What determines the constructor that's called when an object's created?

I've got a couple of classes defined like this:

   TB5500BaseUnit=
     class(TObject)
       constructor Create(enum: integer; mnem: String7; unitIndex:
integer; unitDesignate: integer; cc: TObject);
..

   TB5500SPOUnit=
     class (TB5500BaseUnit)
       constructor Create(enum: integer; mnem: String7; unitIndex:
integer; unitDesignate: integer; cc: TObject);
..

The actual objects being created are in response to configuration tables
and files:

var
   unitClass: class of TB5500BaseUnit; (* Ancestor of all I/O devices *)
   u: TB5500BaseUnit;
   name: string;                       (* For debugging *)
..

         unitClass := LookupUnitType( { from device name } );
         name := unitClass.ClassName;    (* For debugging *)
         name := '';                     (* Make sure it's wiped *)
         u := unitClass.Create(Ord(mnem), specs.unitName,
specs.unitIndex, specs.designate, self);
         name := u.ClassName;            (* For debugging *)
         thisUnit[specs.unitIndex] := u;

If I was trying to create a TB5500SPOUnit I was finding that unitclass
was set correctly, and that u was getting a valid type with (later)
public methods declared as overrides being available.
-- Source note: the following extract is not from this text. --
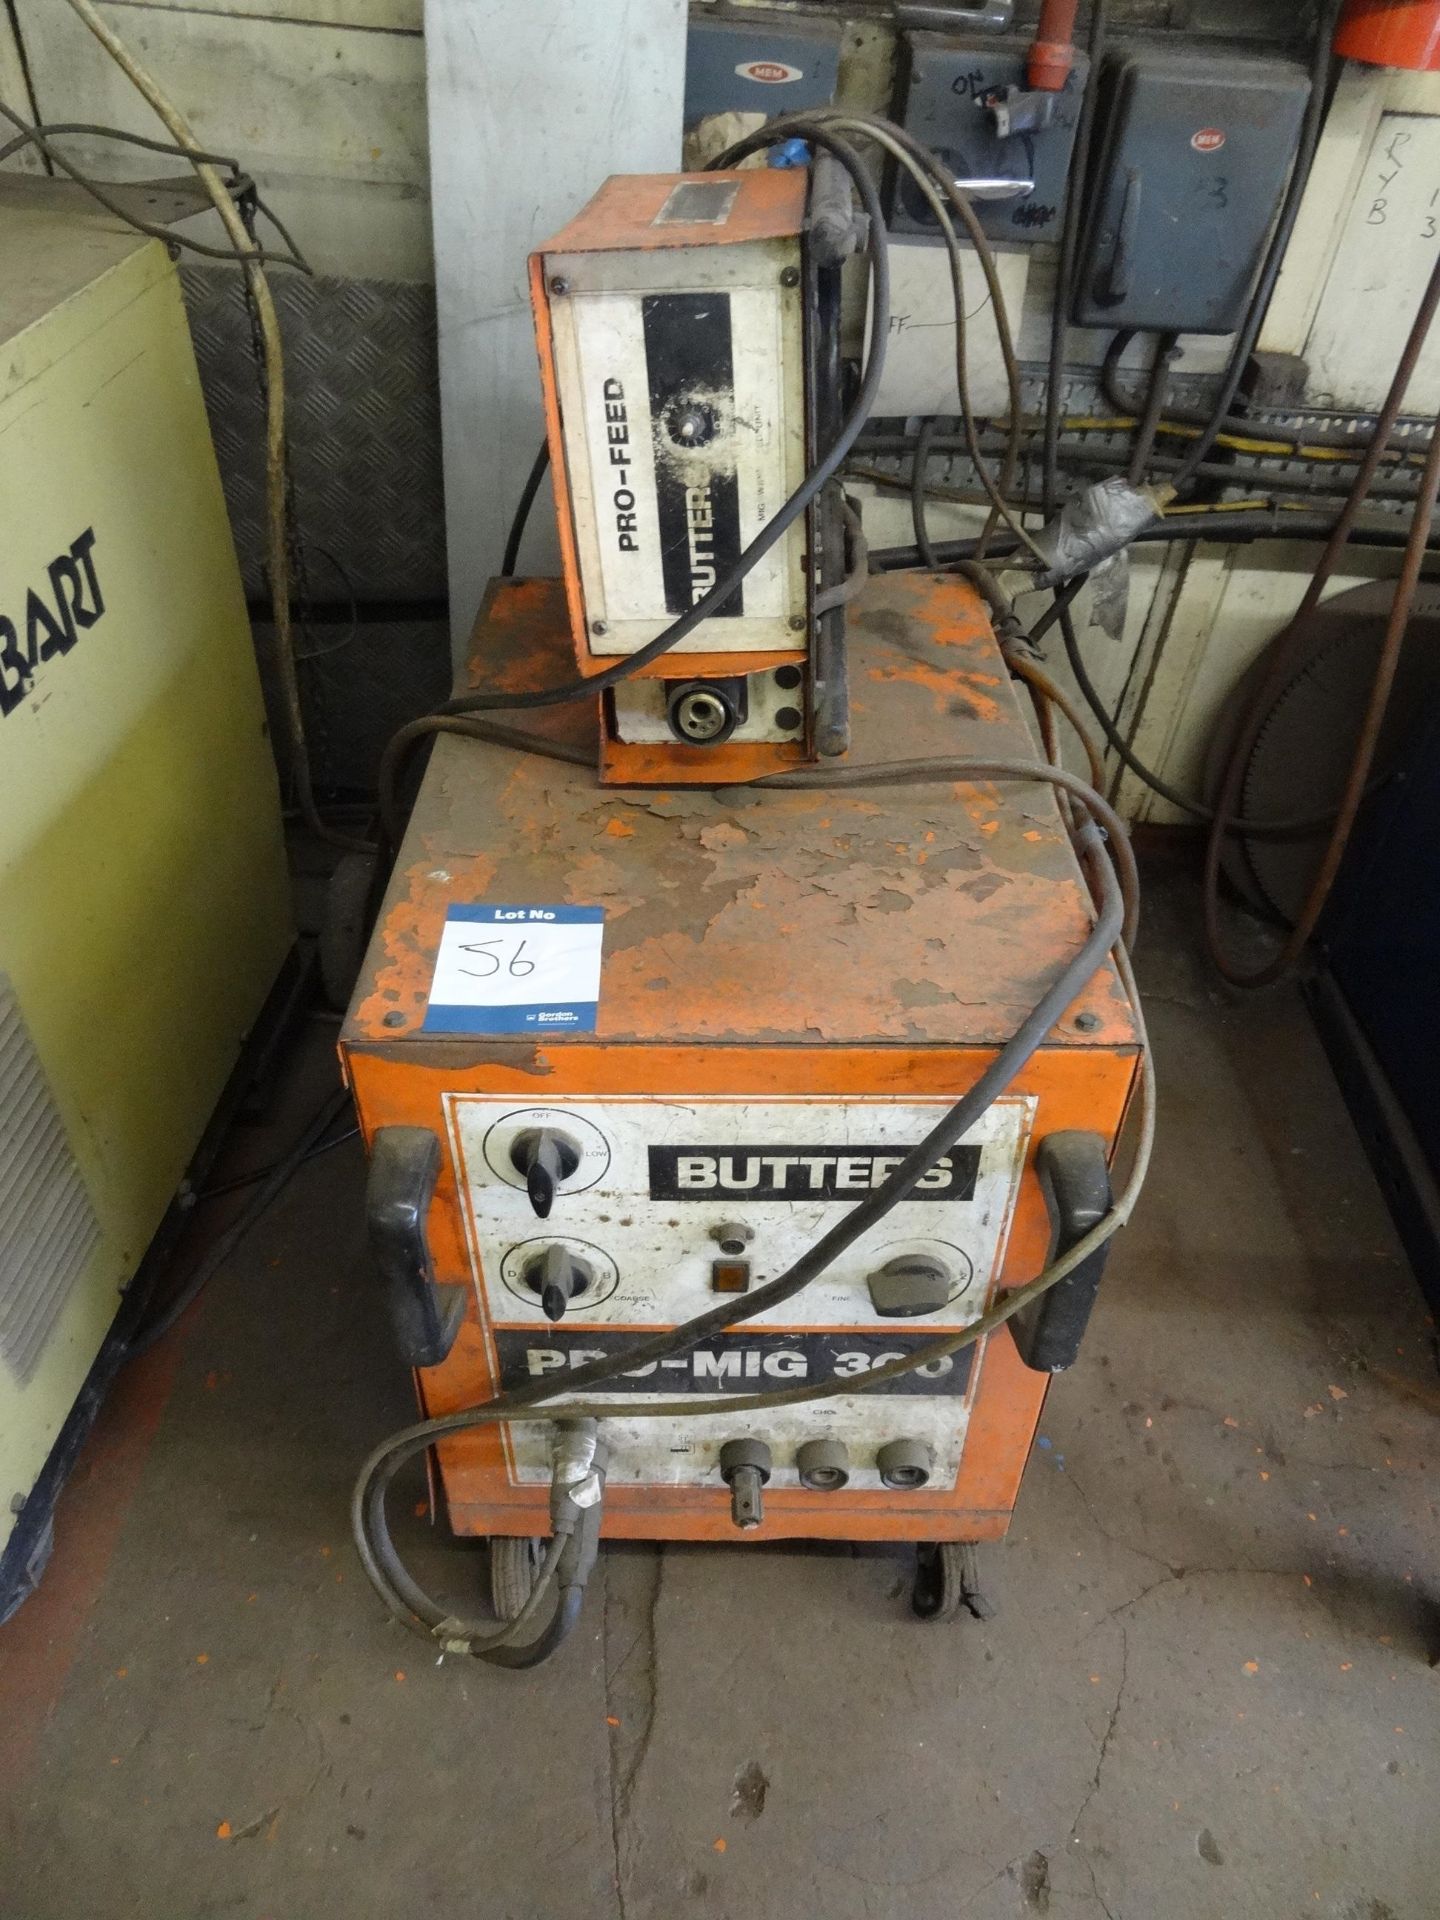 Butters Pro Mig 300 mig welding set with wire feed unit (Lift out charge £10 plus VAT)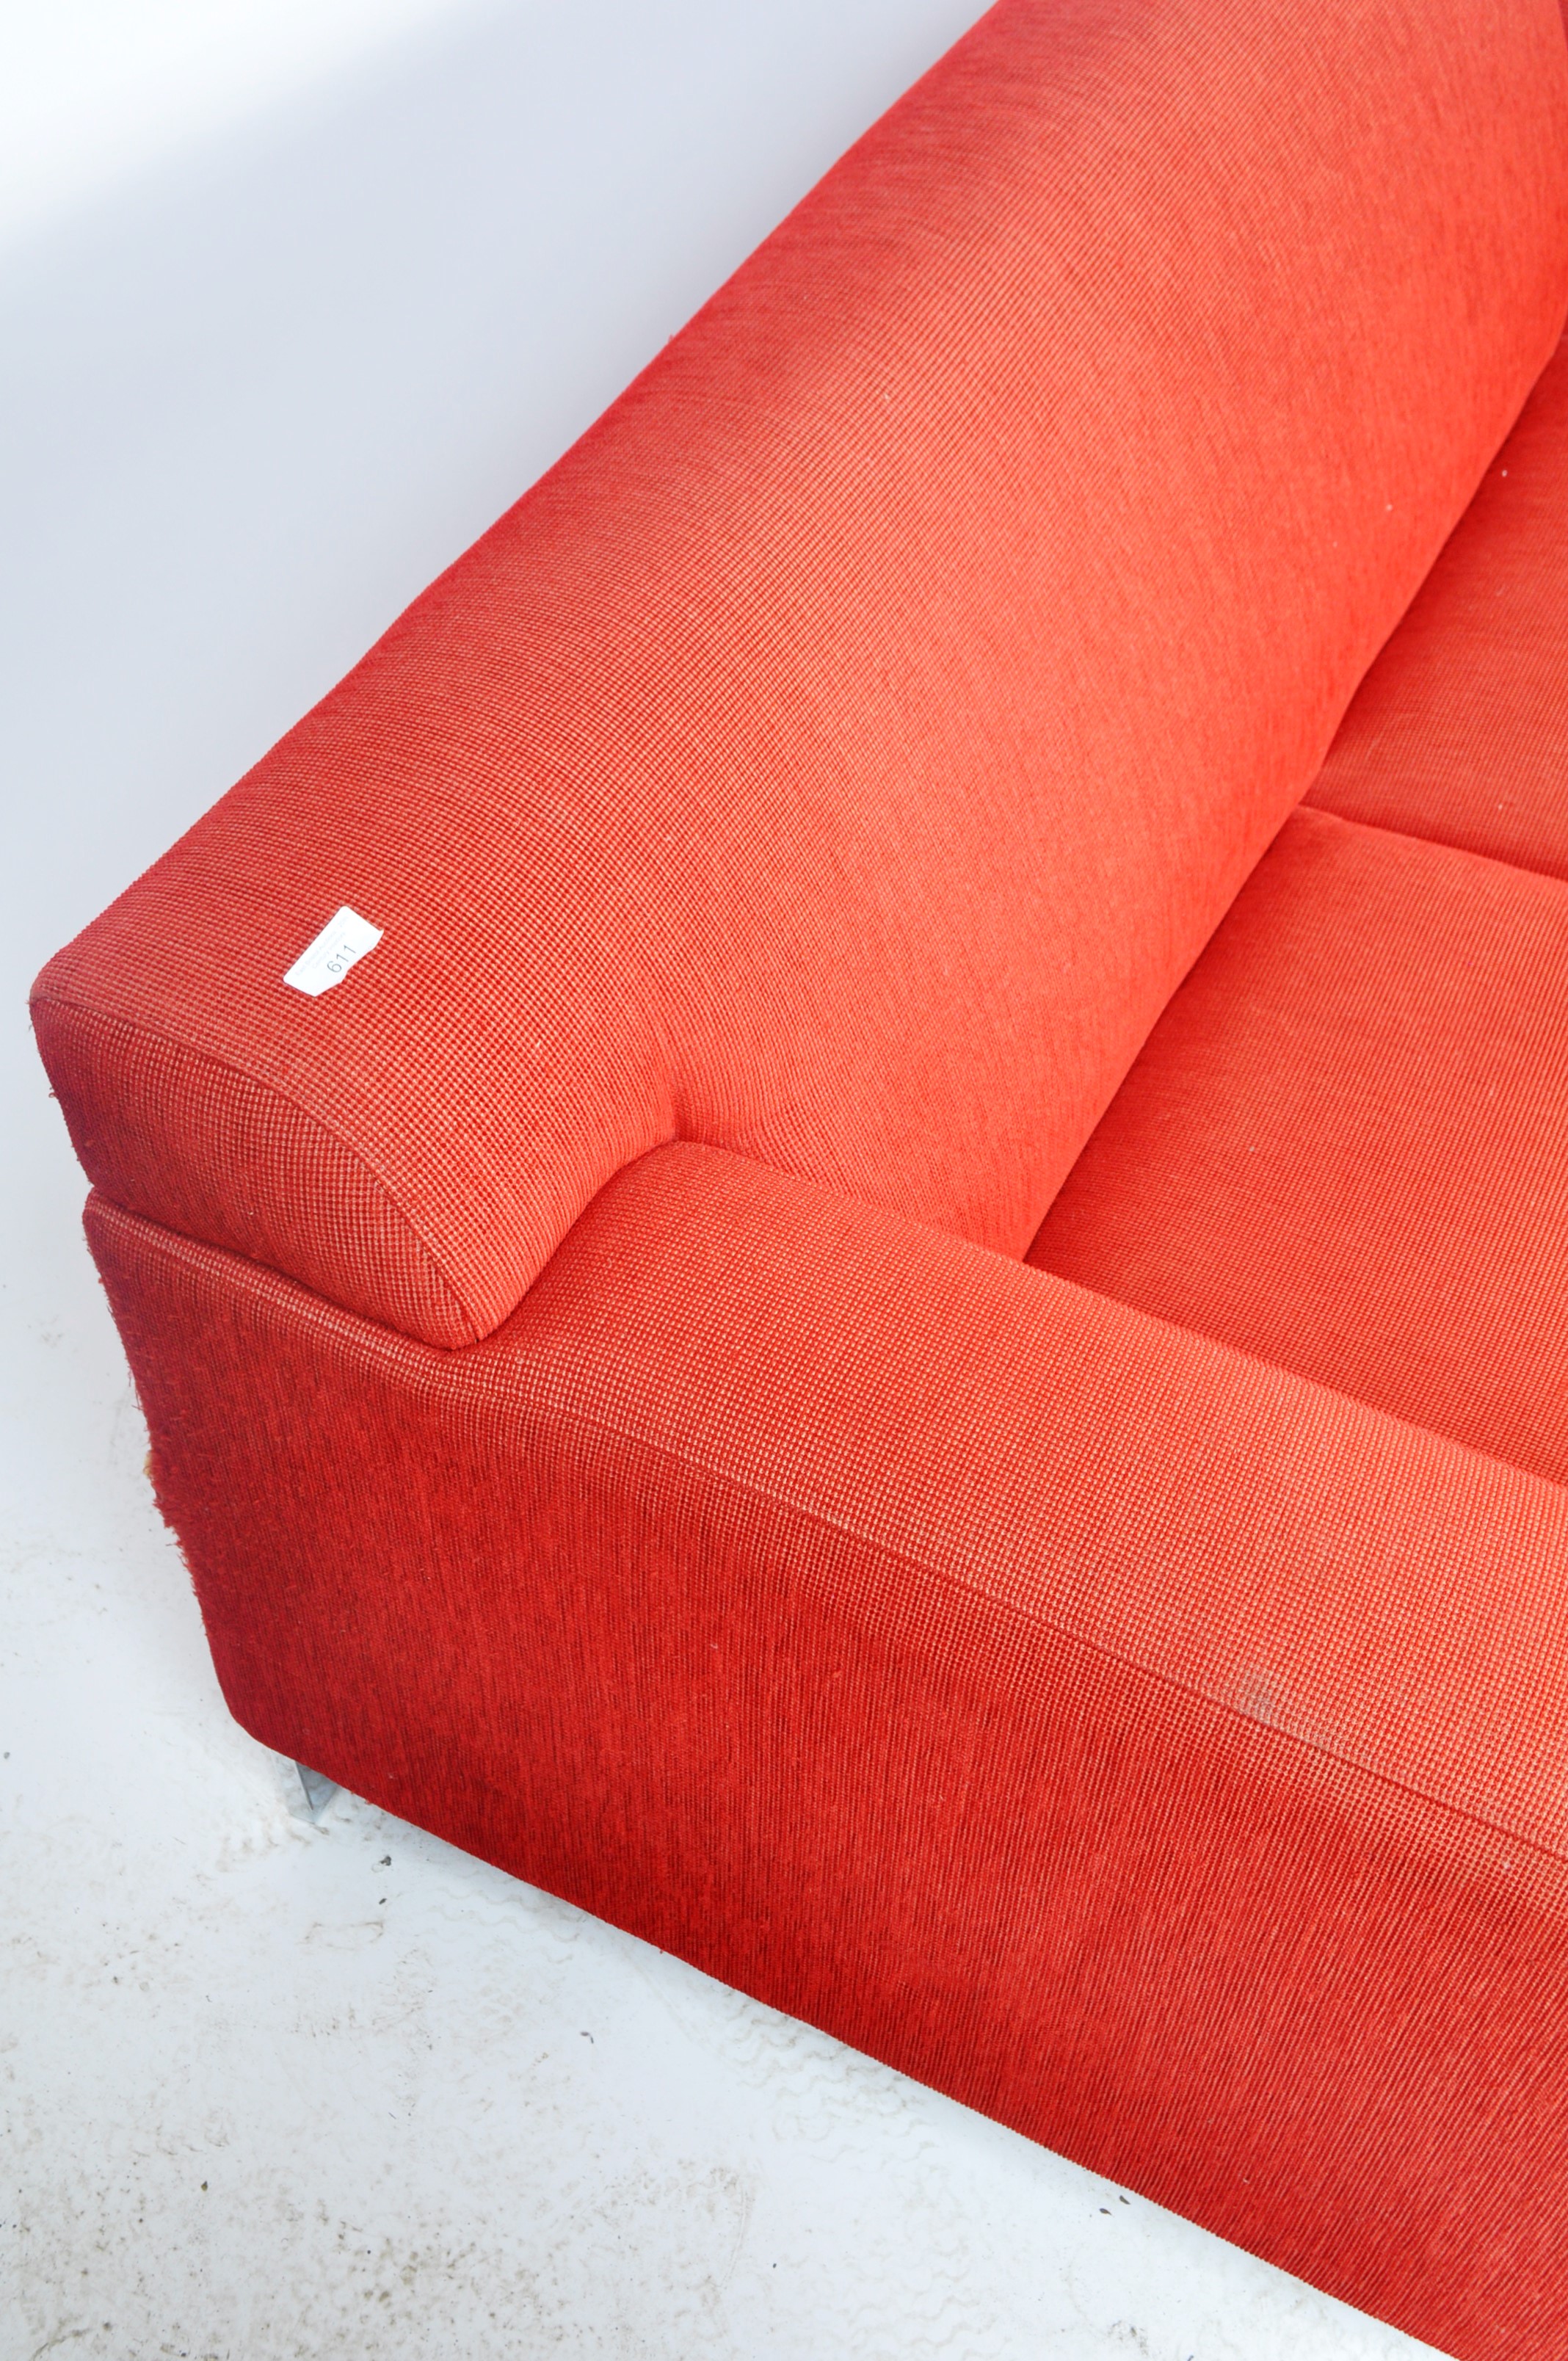 SITS MADE CONTEMPORARY RED FABRIC TWO SEATER SOFA - Image 4 of 8

The odd thing was
that TB5500SPOUnit.Create() was not being called, but instead
TB5500BaseUnit.Create().

I find that if I explicitly decorate TB5500BaseUnit.Create() as virtual
and TB5500SPOUnit.Create() as override then TB5500SPOUnit.Create() is
called correctly. I didn't think this was necessary, but on reflection I
assume that it's because u is declared as a TB5500BaseUnit: the
variable's compile-time rather than run-time class is being used for the
constructor unless explicitly overridden.

Is there an obvious way of tiying this up that I'm overlooking?

--
Mark Morgan Lloyd
markMLl .AT. telemetry.co .DOT. uk

[Opinions above are the author's, not those of his employers or colleagues]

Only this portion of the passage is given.